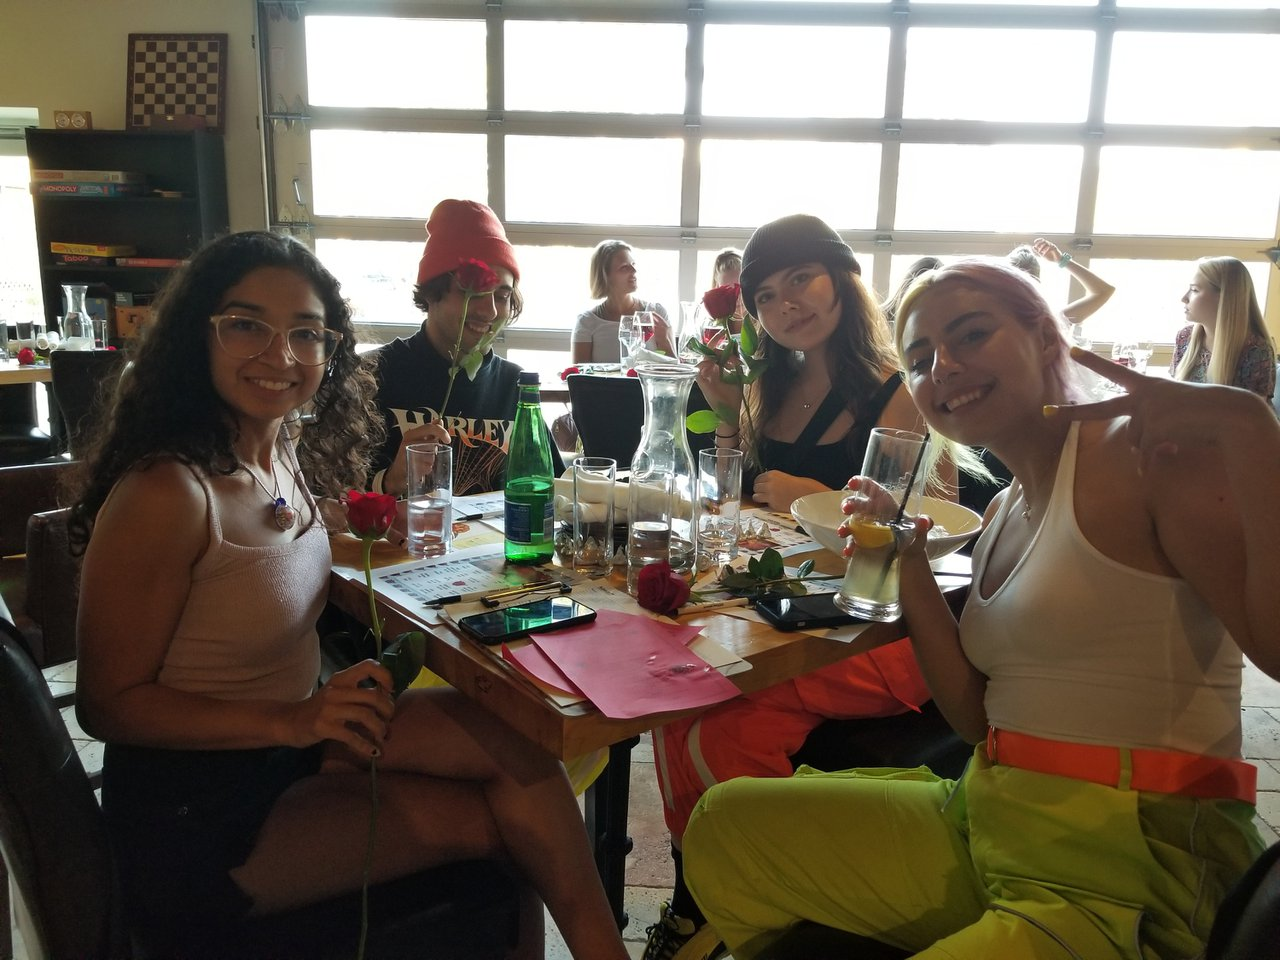 The Bachelorette Finale Watch Party photo 20190729_192026.jpg
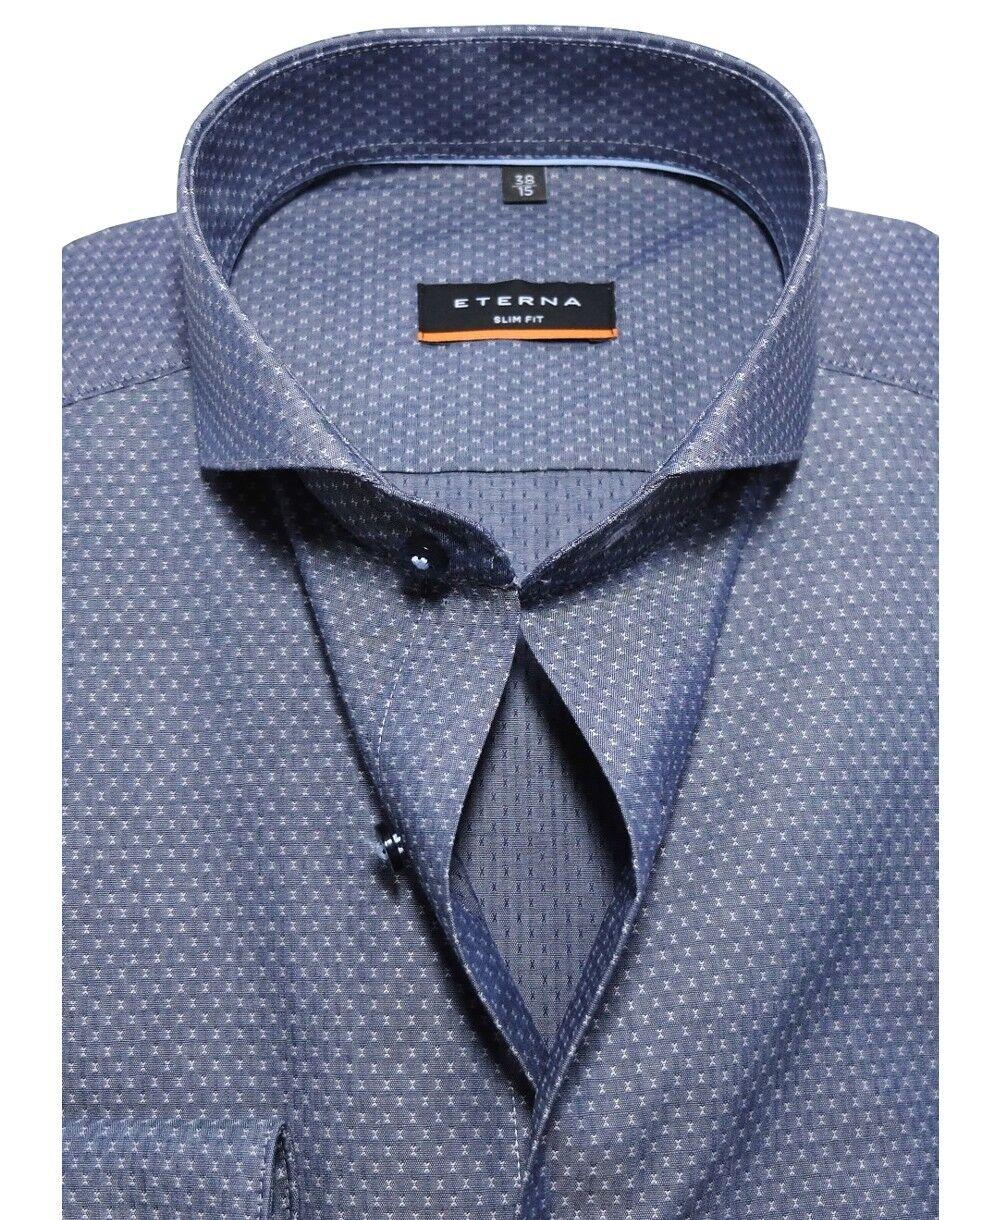 Eterna Slim Fit Langarmhemd Stretch blaugrau Minidessin ÄL ÄL ÄL 67cm Gr. 38 bis 44 | Ausgezeichnetes Preis  300a42
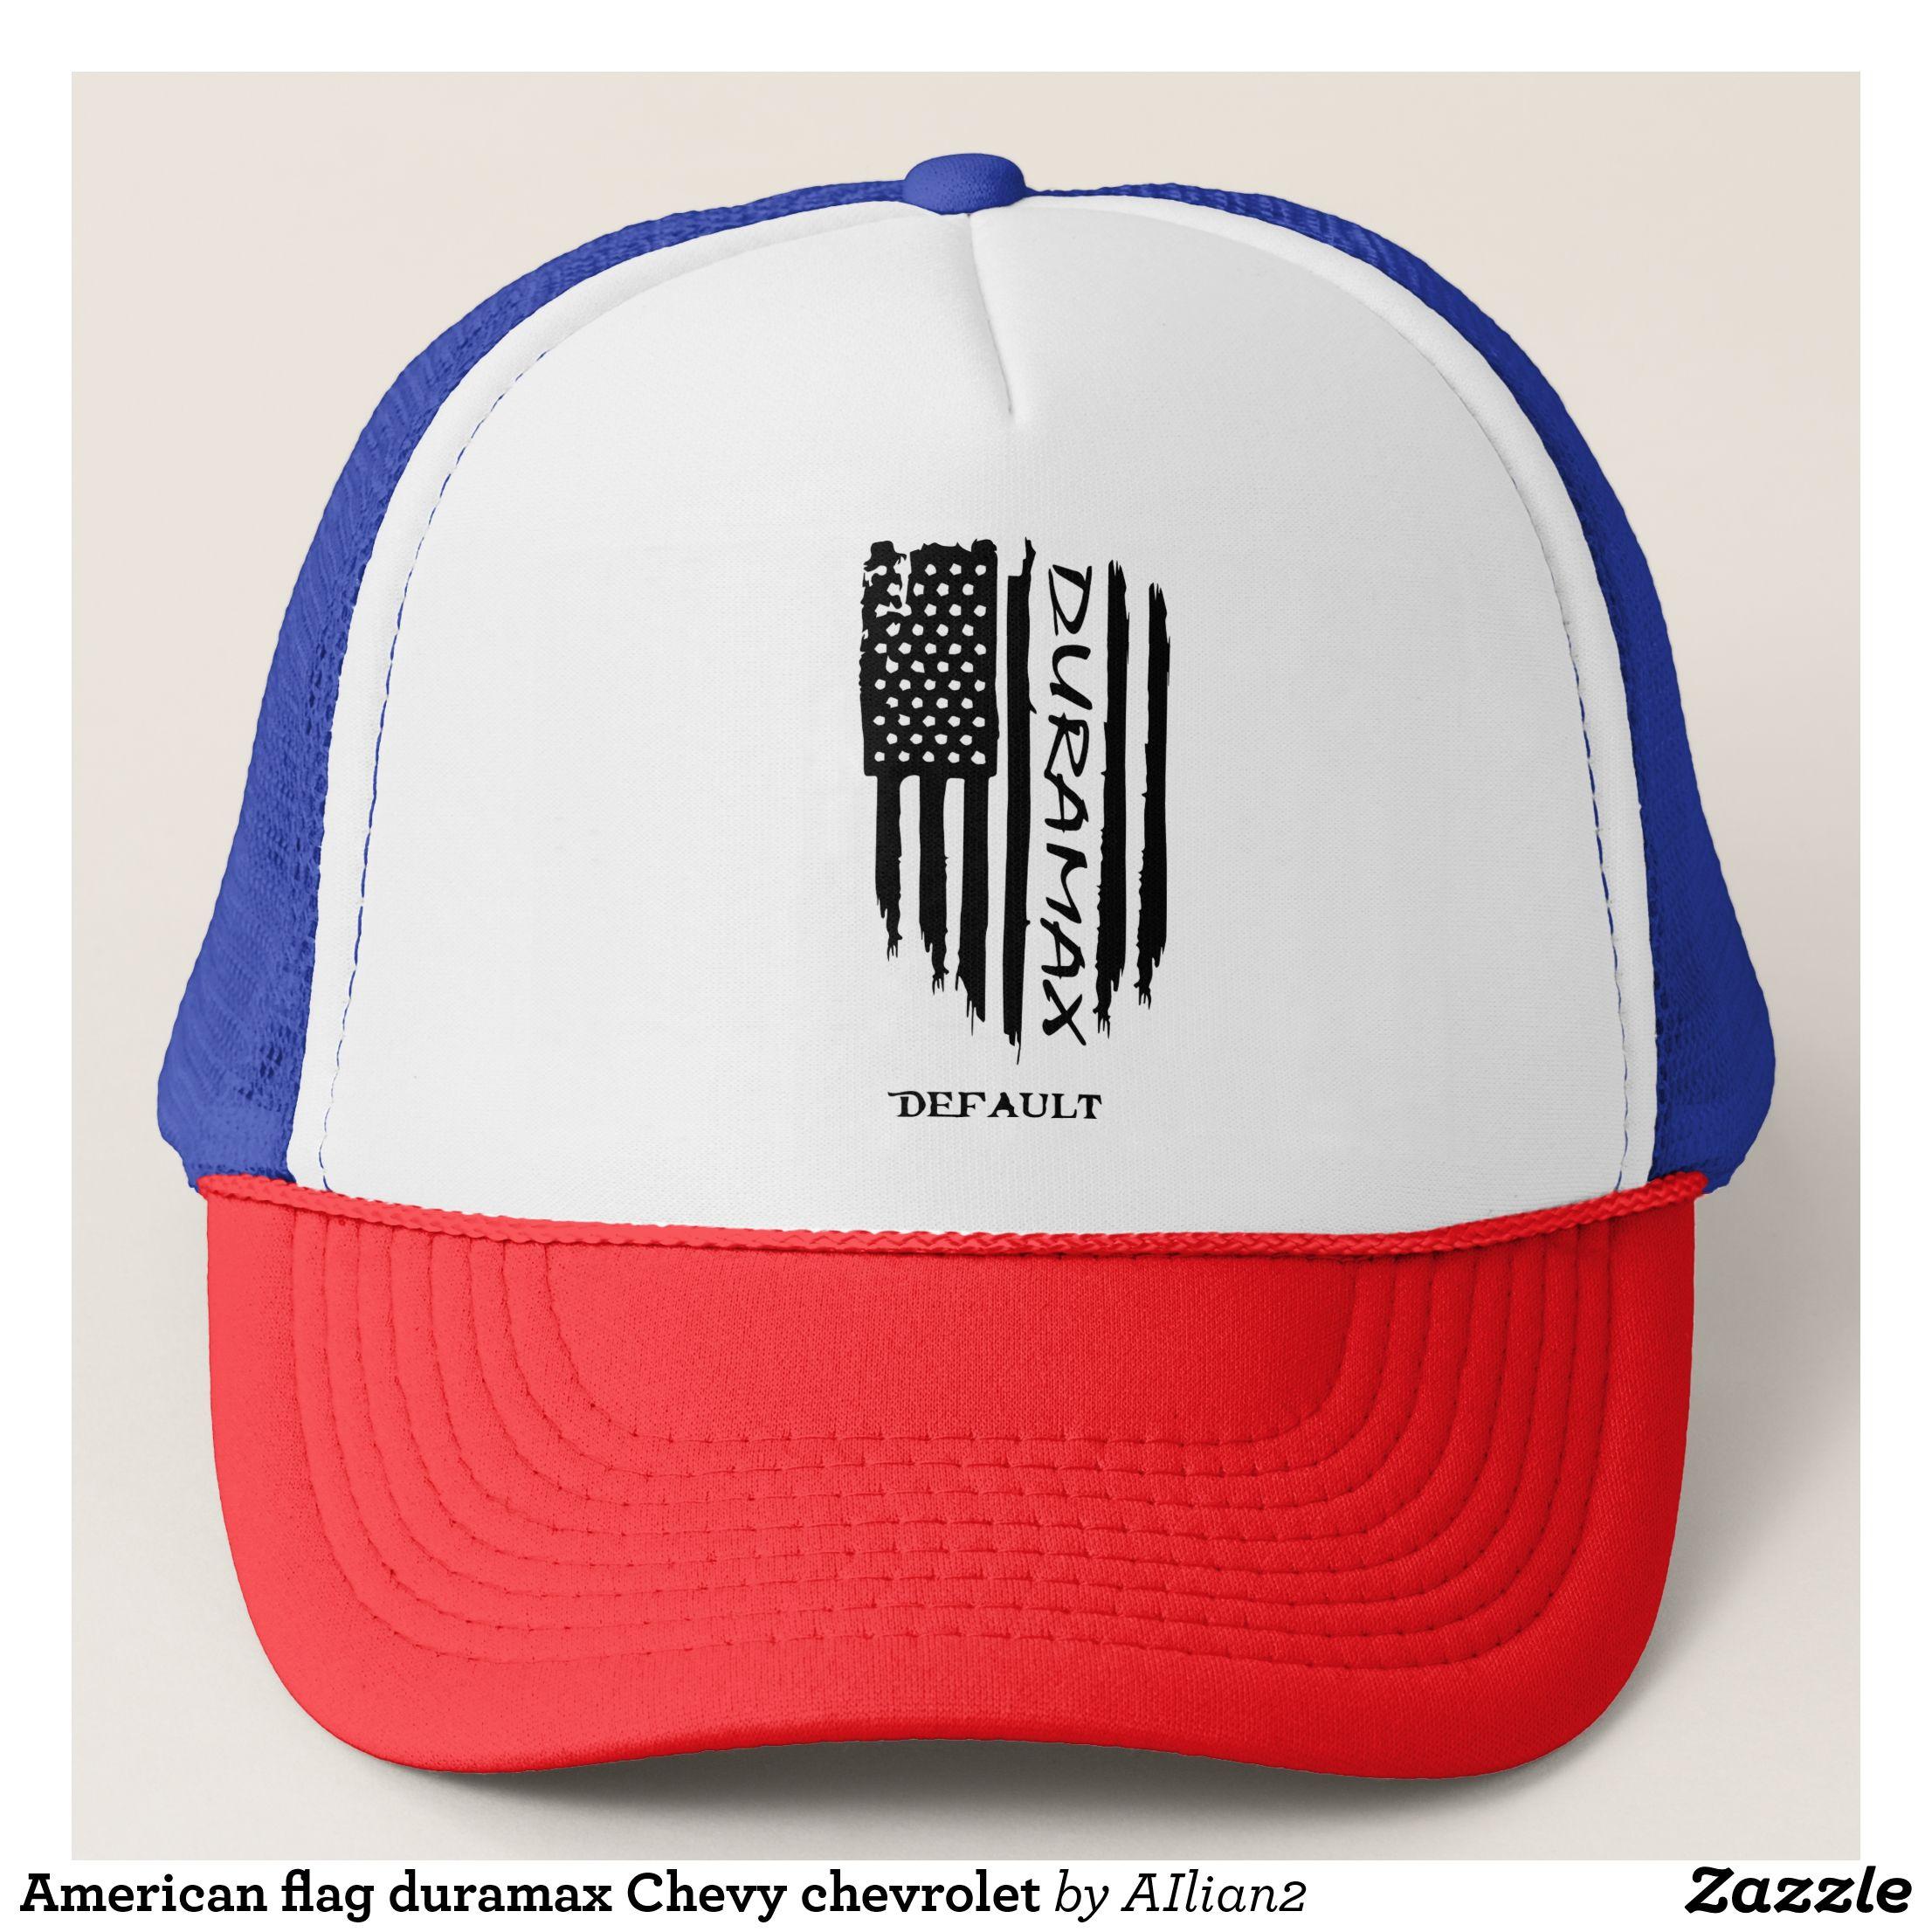 Chevy Duramax Hats Www Topsimages Com

++++

**Work to complete**
Give back all the data exactly, minus pictures.

**Reply**
 The Bachelorette Finale Watch Party photo 20190729_192026.jpg
 Eterna Slim Fit Langarmhemd Stretch blaugrau Minidessin ÄL ÄL ÄL 67cm Gr. 38 bis 44 | Ausgezeichnetes Preis  300a42
 Chevy Duramax Hats Www Topsimages Com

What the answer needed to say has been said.